For some, "following the lore" means following the single-player games, which I'd argue there's no specific reason we have to do: Fiction-wise our timelines broke from the single player games a long time ago. Since then we've been moving through a weird kind of parallel history where events in our worlds have parallels to "Ultima Prime" but don't always follow them exactly or even noticeably. The epic Warriors of Destiny storyline in UO, for example, broadly followed but also deviated substantially from the Ultima single player game it was named for and based off of.

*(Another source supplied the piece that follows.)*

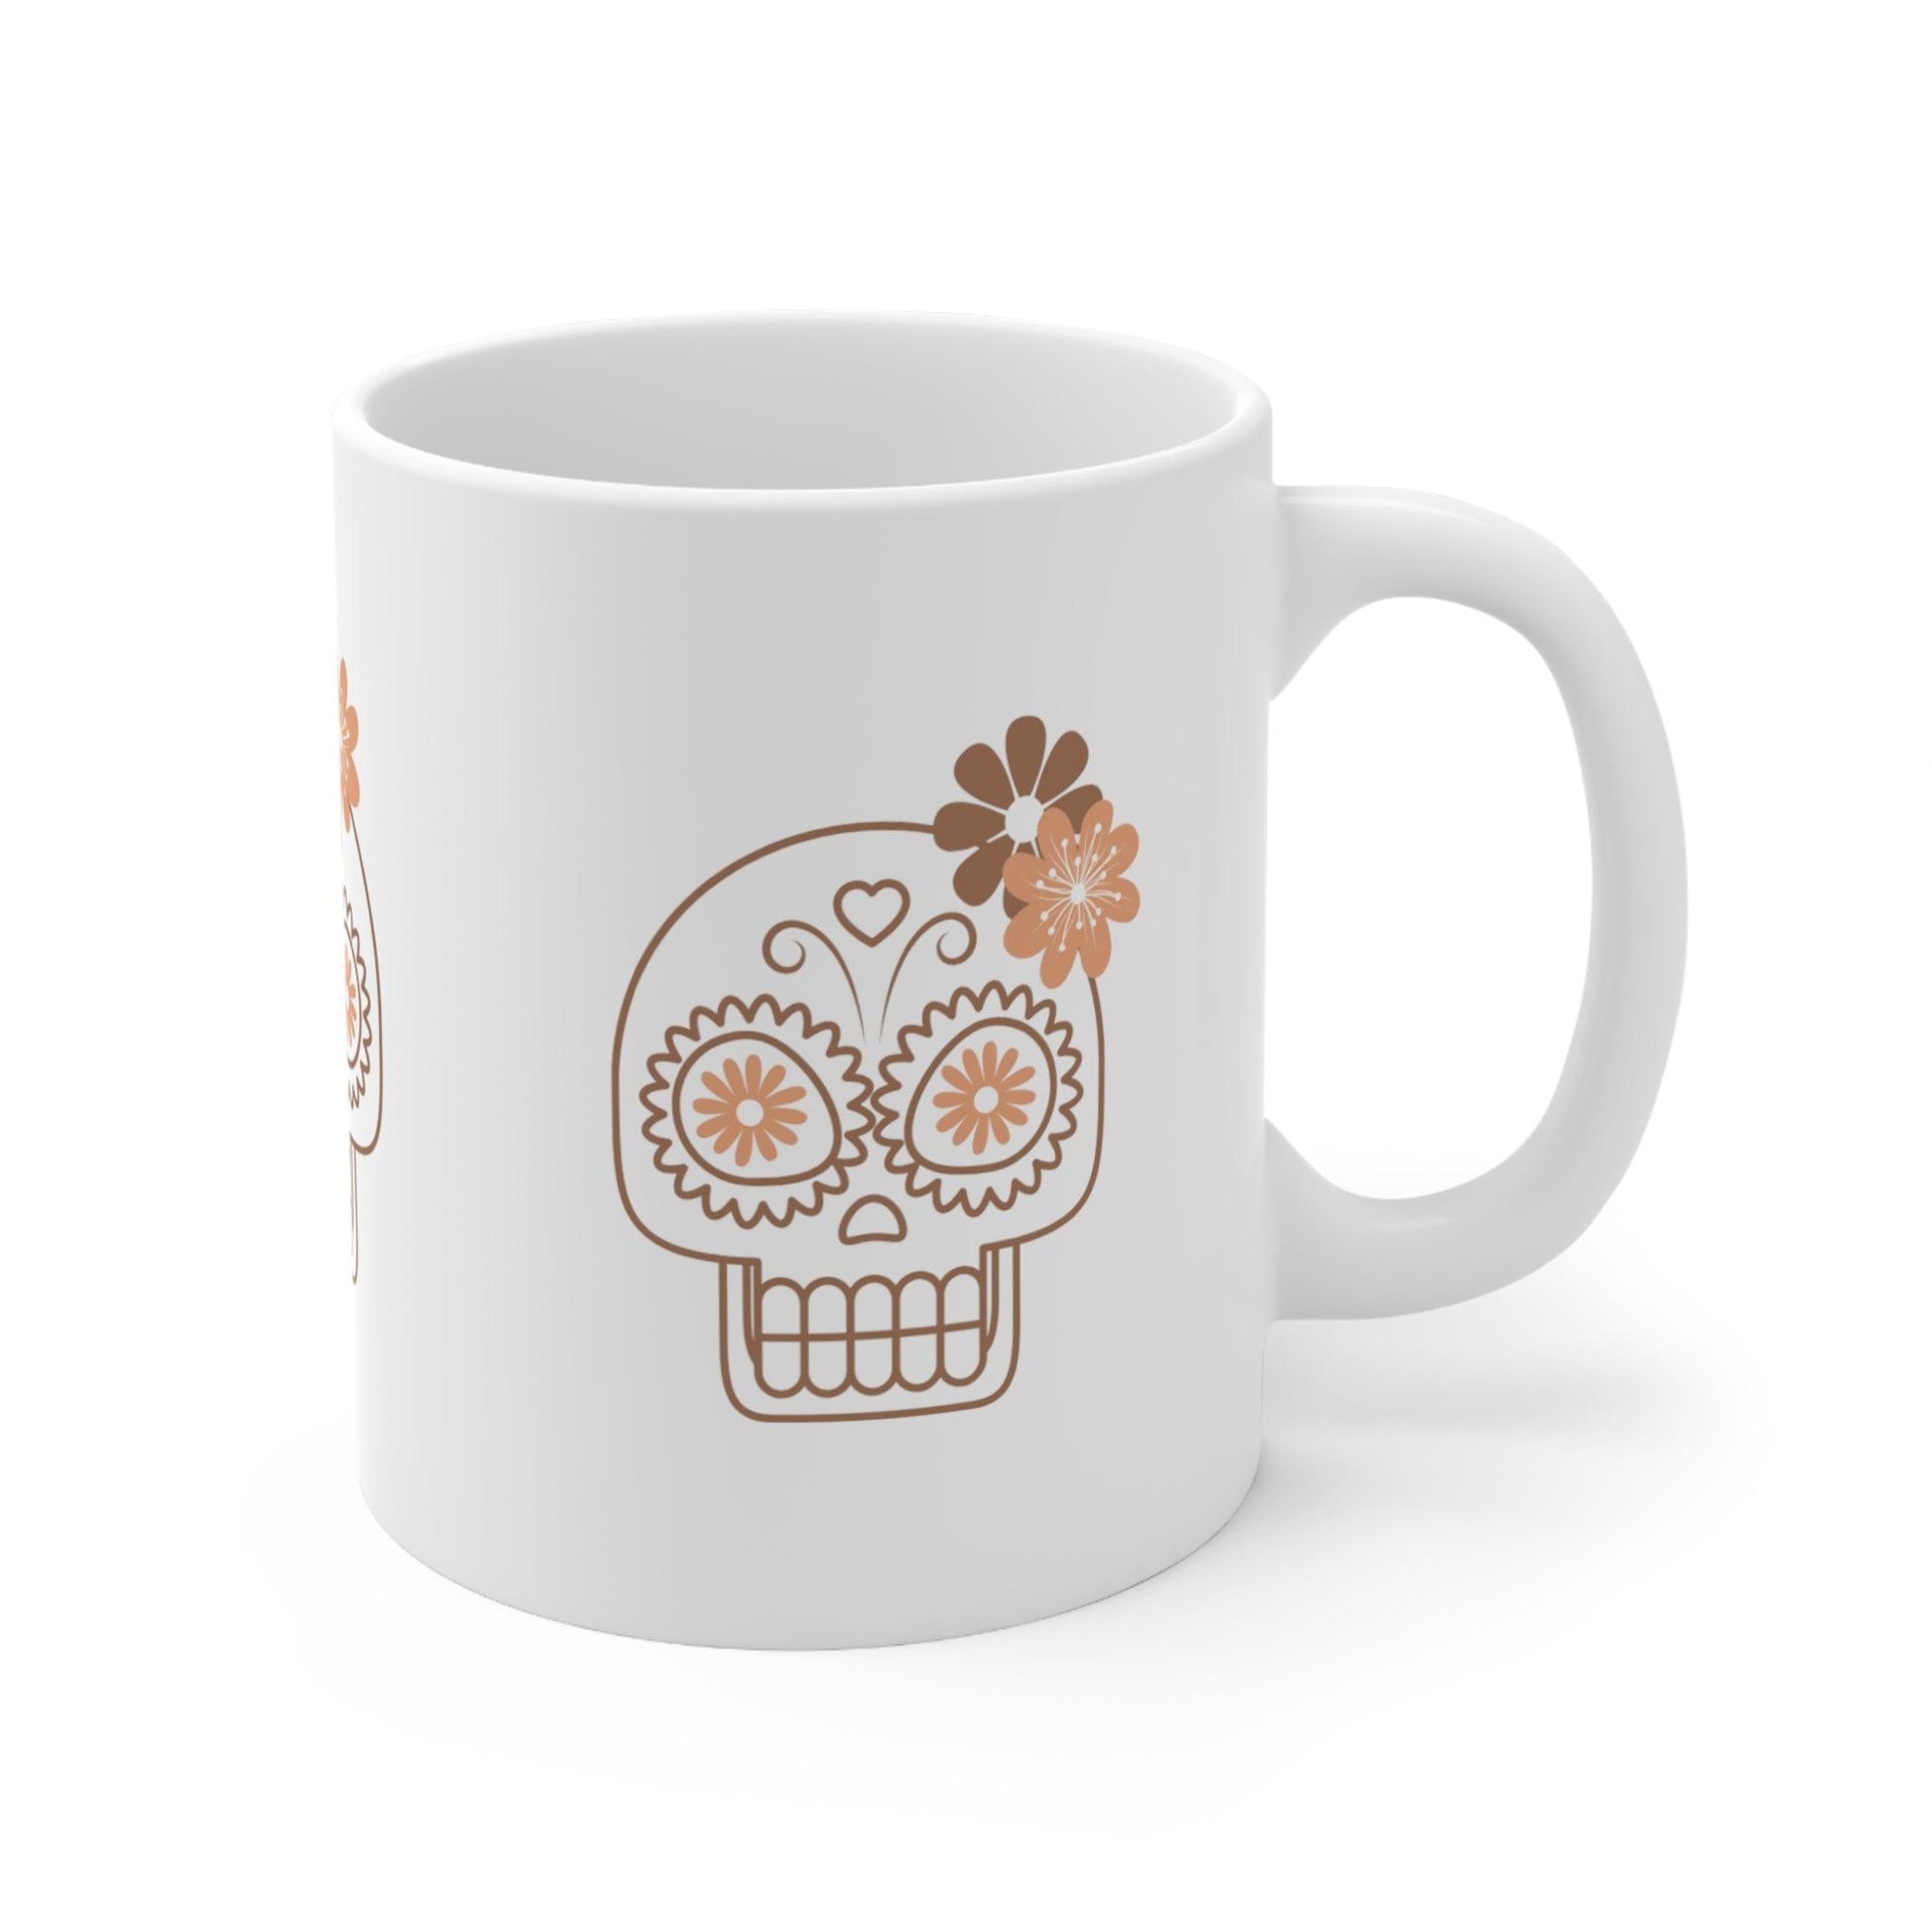 Dia De Los Muertos - Ceramic Mug - The Pura Vida Co.

For others, "following the lore" means that your characters or guilds need to have some specific connection to the Ultima mythology. This is certainly not the case with Galen, who follows the Virtues but is in terms of religious faith a Christian. (I deliberately leave unexplained how he could have possibly heard of Christianity in Sosaria.) He carries a crucifix, says the Lord's Prayer, is fully aware of the degree to which he sometimes violates his own religious convictions, etc.

I see the lore as backdrop, not as script. Your character may not have any particular reason to care about, say, Minax, unless and until her actions threaten the homestead. Your character may not give a crap about the Virtues. And finally there's every fictional reasons to think that the UO universe has a lot of connections to other worlds and other planes; one can play a character who was originally from the Forgotten Realms or Middle Earth or Krynn or even RL Earth and not break the lore one bit.

To me, deviating the lore only means if you play the game pretending that the backdrop isn't there. No one prevents someone from doing this, of course! I've met many who so-deviate. They have fun with it; I only object when they start to poke their way into the fun of others' who would not so-deviate. Best in those cases for folks to ignore each other.

I was on Europa for a good while; nothing I saw there actually 'broke' the lore in my estimation, I saw them as just interpreting things differently.

So, surely, nothing prevents deviating from the lore (even "the lore" defined broadly as I do). But my feeling is that there is so much room, why not follow the comparatively few lines we're given?

*shrugs*

Just my thoughts.

-Galen's player
 

Bryelle Vaughn

Journeyman
Alumni
Stratics Veteran
Stratics Legend
Galen,

Thank you for your reply. I should be more specific in what I mean by "Deviating from the lore". To me, Deviating from the lore simply means a change in the interpretation. It does NOT mean completely ignoring everything The Ultima Universe has setup.While to me, expanding means taking the basics and running with it. Deviating: taking a different fork, Expanding: grabbing the tine and beating the ever pixel loving crap out of it.

You are right when you say they, the programmers and writers, have given us quite a backdrop. There is a wide range of possibilities. The problem is when you have a set of people demanding that you roleplay a certain way or portray your character. For example, if you know *of* the virtues but your character chooses not to participate, then that is your choice and is a deviation from the standard in a way. It is not a deviation if you look at the anti-virtues.